Обитая клеенкой дверь в кабинет Валуева заскрипела за спиной у Вали. Она легко отличала этот скрип по громкому шуршанию края клеенки о доски пола. Дверь отворилась... закрылась. Сам Валуев протопал по коридору, подошел и, встав у нее за спиной, легонько постукал толстым пальцем ей шею пониже уха.

- Ну-ка!.. - Это означало, что она должна уступить ему место.

Валя, не оглядываясь, смахнула его палец, как муху:

- Без рук, пожалуйста!

- Ах, ах, ах!.. - подражая жеманному девичьему голосу, передразнил Валуев.

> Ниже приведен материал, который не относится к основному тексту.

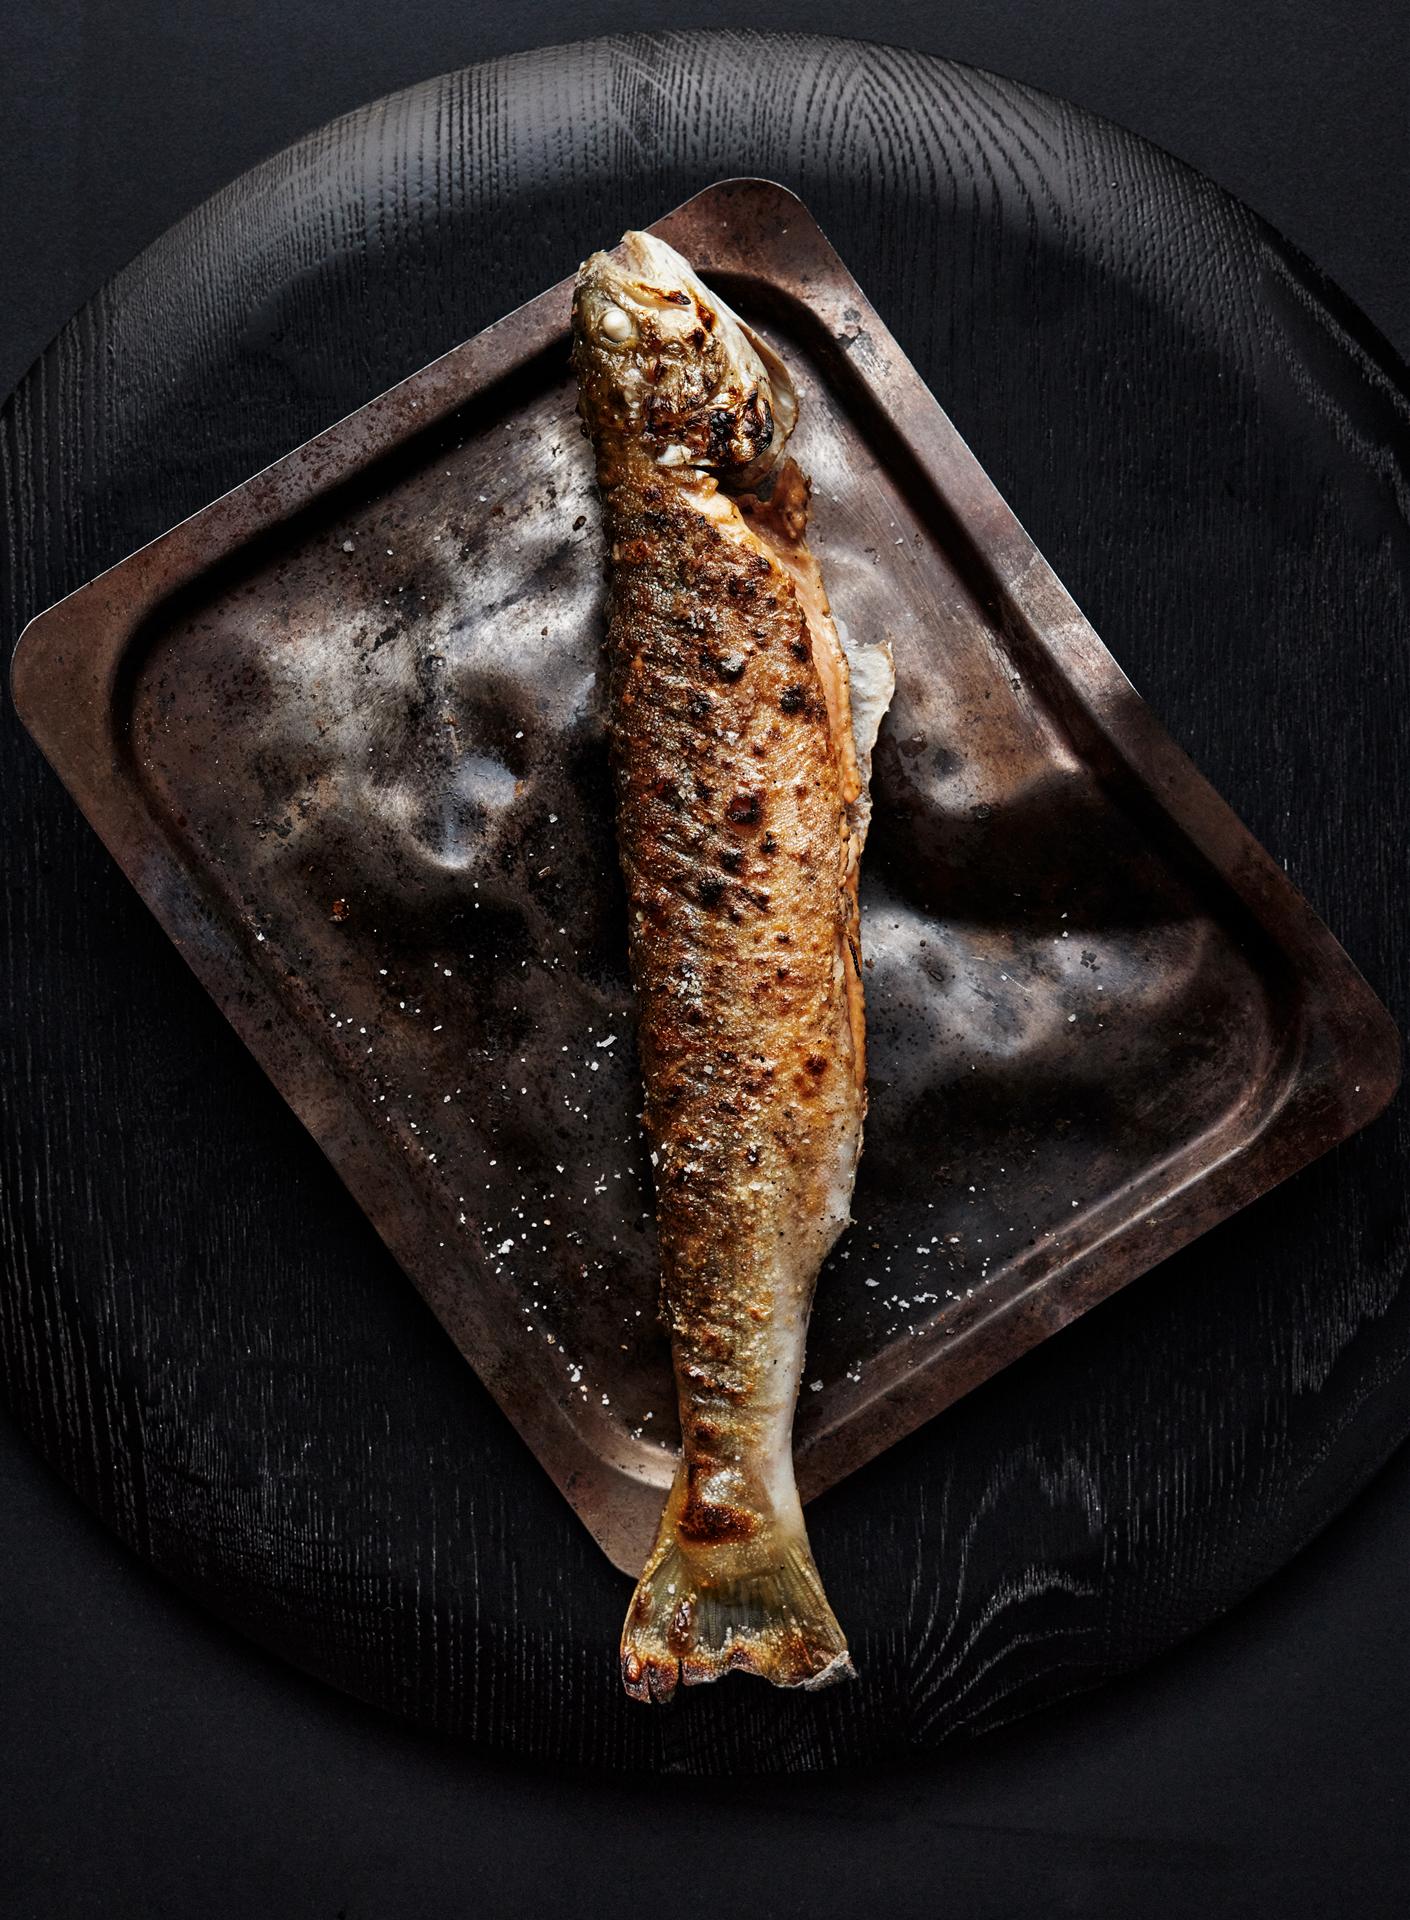 Det skal serveres helstekt fisk på Svenssons nye restaurant - «som på en taverna».

Добив строчку до конца, Валя вытащила лист, встала и вышла из закоулка, а Валуев, наваливаясь животом на стол, сопя и тяжело опираясь на руки, протиснулся на ее место и, высунув кончик языка, неумело стал вправлять бумажку с бланком в машинку.

Валя прошла по коридору, вышла на воздух и присела на теплую от солнца ступеньку черного крыльца дома, потянулась, выгибая спину, и, подобрав короткую юбку, открыла выше колен ноги без чулок, чтоб загорали. Потом она прислонилась к перильцам и зажмурилась.

Слышно было, как Валуев ткнул пальцем раз, другой и задумался, разыскивая следующую букву.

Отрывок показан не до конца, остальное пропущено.